Ao ler os capítulos Abolindo o império e República das mulheres, e ver o papel que as mulheres negras desempenhavam tanto no império quanto nos cem anos que se seguiram à proclamação da República, o leitor vai perceber o quanto elas avançaram em termos de direitos. “Houve avanço porque as mulheres negras atuaram com força e competência, até conseguirem reverter a posição de escravidão e de submissão”, afirma Schuma.
Uma das mais atuantes feministas no cenário nacional, Schuma lembra que houve um tempo em que o feminismo, que dizia “somos todas iguais”, não percebia as diferenças. “Fomos percebendo as especificidades e que não éramos todas iguais. Se o propósito era a busca de direitos iguais, então era necessário olhar as diferenças”, observa.
Atualmente, segundo ela, o feminismo já incorporou em sua agenda a questão da superação do racismo. “Não diria que, na prática, isso já aconteceu totalmente. A ausência de mulheres negras é tão naturalizada e incorporada neste cenário embranquecido, que elas ainda não protagonizam discussões importantes. Mas é claro que houve um grande avanço”, conclui.
Para a autora, este avanço fica bem claro no último capítulo do livro – Rasgando os panos – que apresenta as mulheres negras no mundo da política e sua participação no movimento negro nas últimas três décadas, na cultura (artesanato, dança e literatura) e nos esportes.
O livro estará disponível para compra em todas as livrarias a partir do dia 14 de março.

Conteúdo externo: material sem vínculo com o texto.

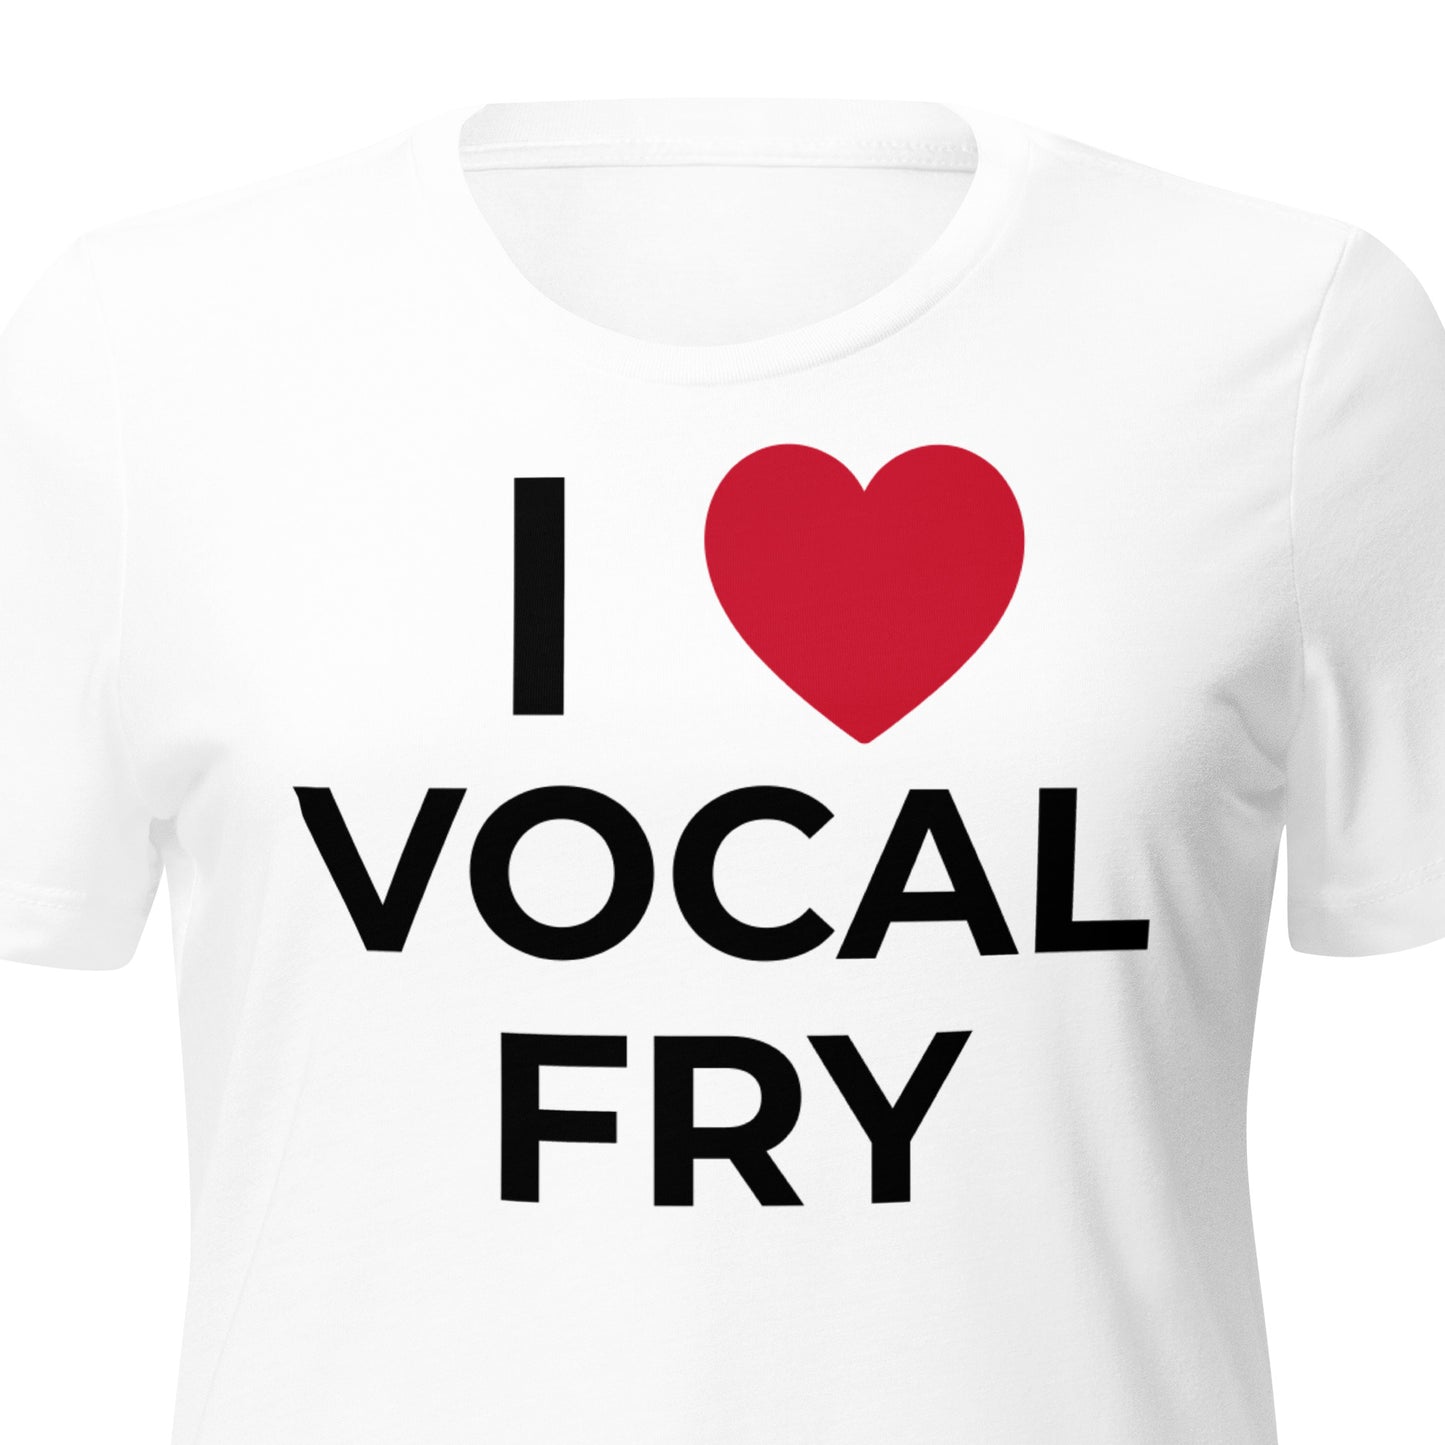 Vocal Fry t-shirt
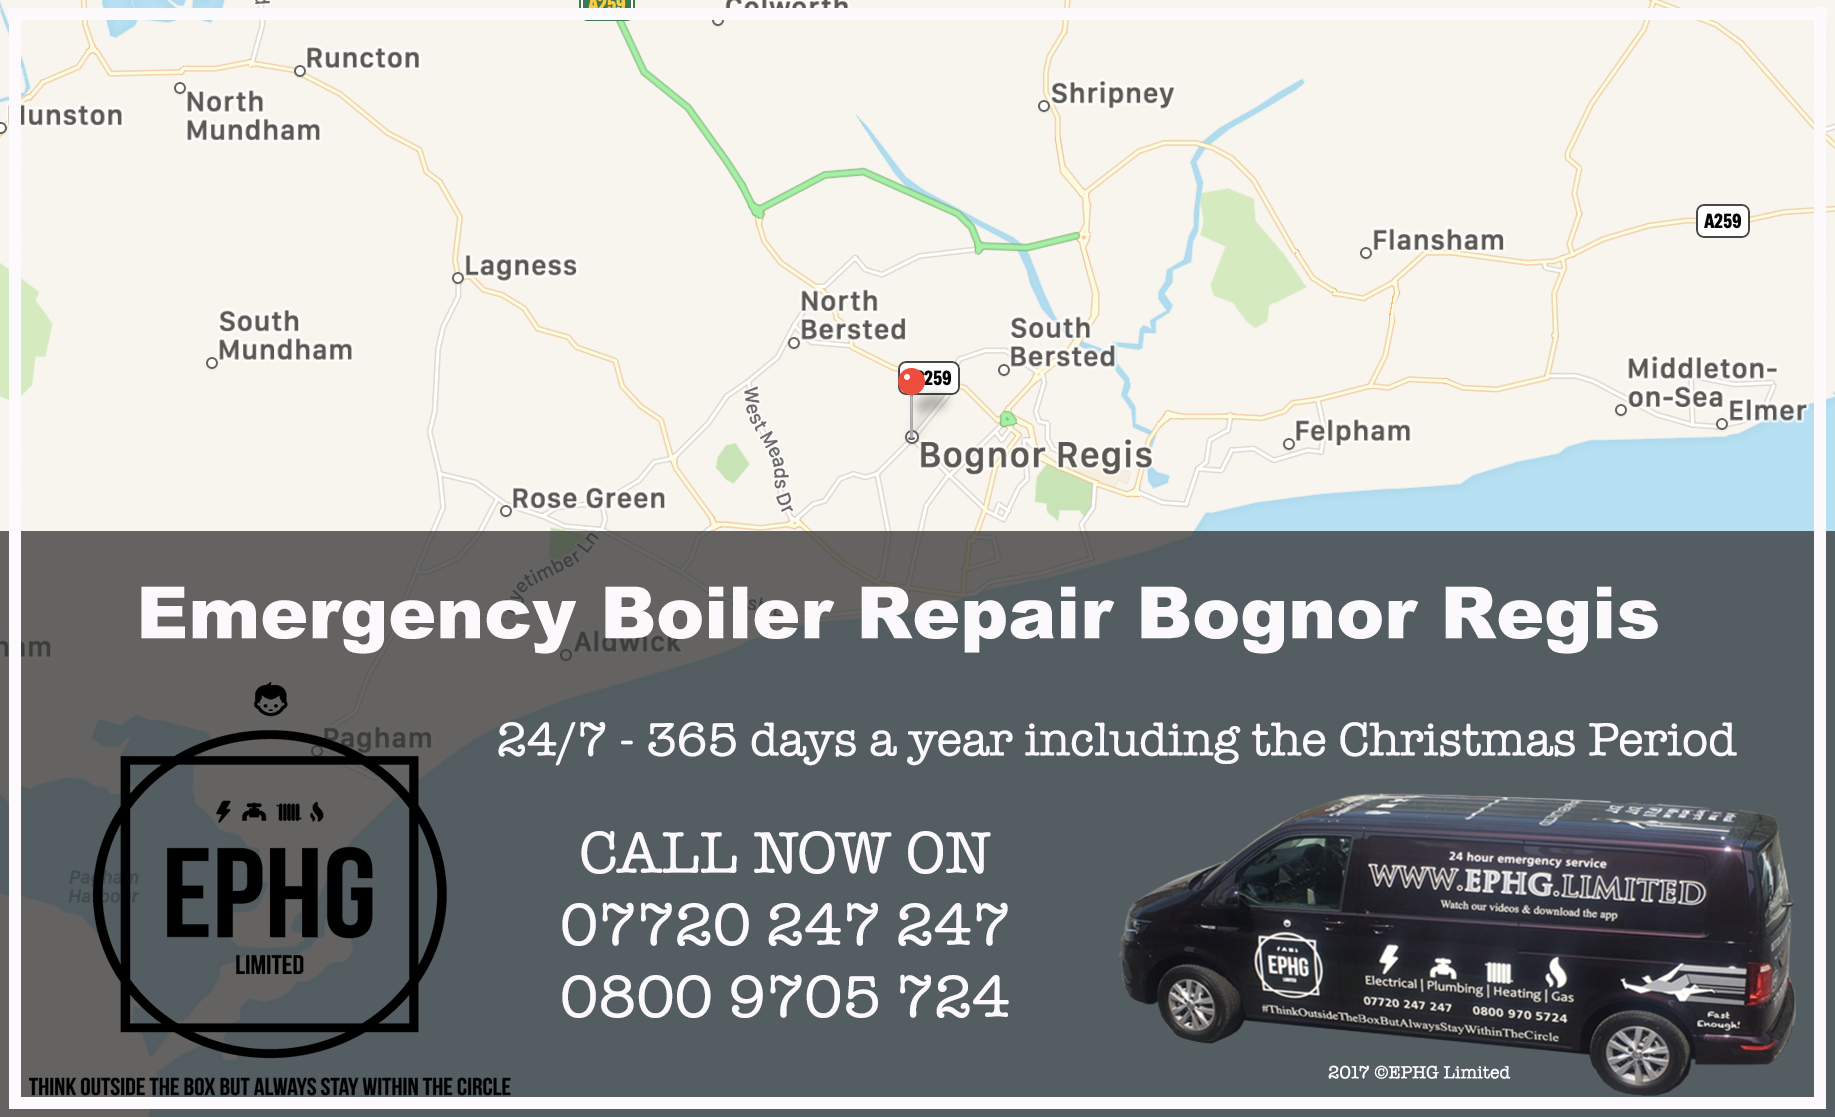 24 Hour Emergency Boiler Repair Bognor Regis

Schuma Schumaher é pedagoga, especialista em Orientação Educacional e Administração Escolar. Integra o Movimento Feminista desde 1978. Foi Secretária Executiva e Diretora de Articulação Política do Conselho Nacional dos Direitos da Mulher (1985-88). Atualmente é Coordenadora Executiva da Organização Não Governamental Feminista- REDEH – Rede de Desenvolvimento Humano. Em 2004 recebeu o prêmio de Mulher do Ano (Diploma Bertha Lutz) concedido pelo Senado Federal e foi uma das 52 mulheres brasileiras indicadas ao Prêmio Nobel da Paz, em 2005.